Client agrees to receive access services provided by the Provider according to the following terms and conditions:
Client agrees to the services (“Website Options”) offered by Provider, and agrees to receive services according to the Website Options. Client agrees that no component or page within their website (and if applicable, mobile app) will be used for the following: to receive, record, track, or store any credit or debit card information; bank account numbers; bank statements; wire transfer account numbers; drivers license numbers; Passport numbers; birth certificate numbers; and/or Health Card numbers. Should the Client be found to be obtaining any of this information, they may be terminated without prior notice. (Any e-commerce functionality by the Provider is processed through a third party provider such as PayPal, Authorize.net, Chase Paymentech or PSI Gate.)
Client will pay for services provided under this Agreement in accordance with the service provided.
This Agreement may be terminated by Provider at any time without prior notice and without cause. If the Client is in default under this Agreement (including nonpayment), the defaulting party may be terminated without prior notice.
Client will use the services offered by Provider in a manner consistent with all applicable local, provincial, and federal laws and regulations.

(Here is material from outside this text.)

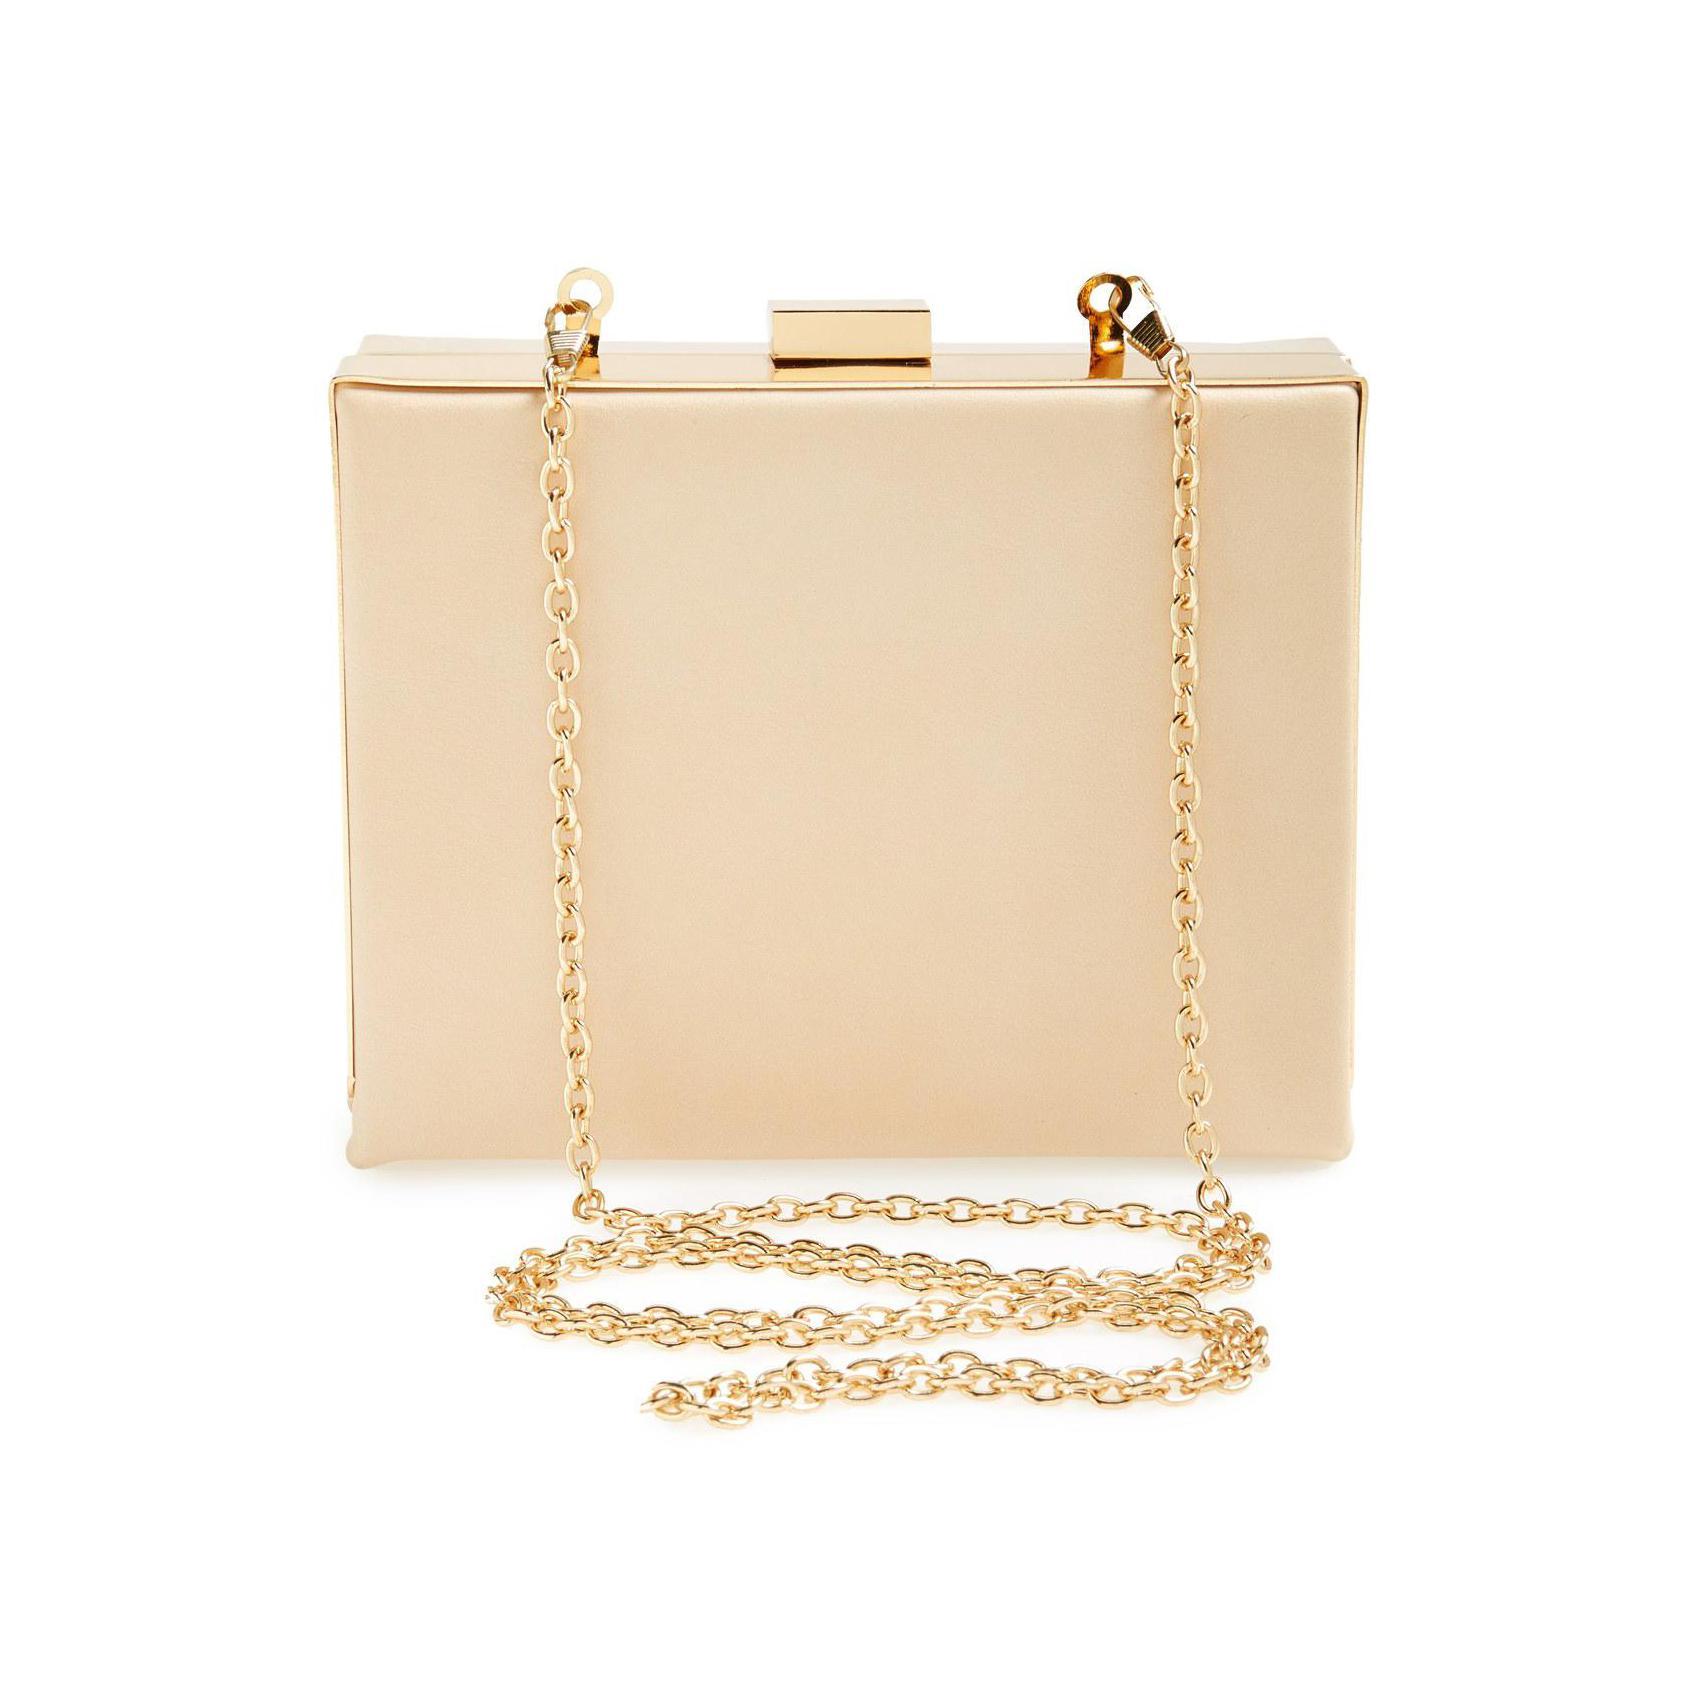 20-Natasha-Couture-Box-Clutch-4.jpg

Though the Provider has taken steps to make the service as secure as possible through means of Secure Socket Layer (SSL) and several encryption algorithms, the Provider is not responsible for the data taken by unauthorized users, hackers or any unauthorized personnel. The Client is solely responsible for the data, login accounts, and access passwords given or created by the Client.
Note that Provider may choose to deny access to certain regions of the world based on known security threats from CSIS. If Client would like access to those regions, Provider will do its best to work with Client to develop a secure custom solution outside the scope of our standard services.
If you are not satisfied with one of our SAAS (Software As A Service) products (namely Radiant WebTools or Radiant DC) or wish to cancel your account with Radiant WebTools or Radiant DC, you may request a refund within 7 days of your original purchase/renewal date. If you are a current Radiant WebTools or Radiant DC customer and wish to cancel your account, it must be done no later than 7 days past your billing cycle, whether it be quarterly or yearly. Partial refunds will not be issued.
No refund is available after the 7th day. Additional services such data transfer overages, disk space, pop accounts, etc. are nonrefundable. Refund policy on renewals of web hosting contracts will be refunded if the Provider is notified by the following renewal date. No refunds will be granted for notifications received after this date.
In order to stop service, Client must contact Providers customer service department.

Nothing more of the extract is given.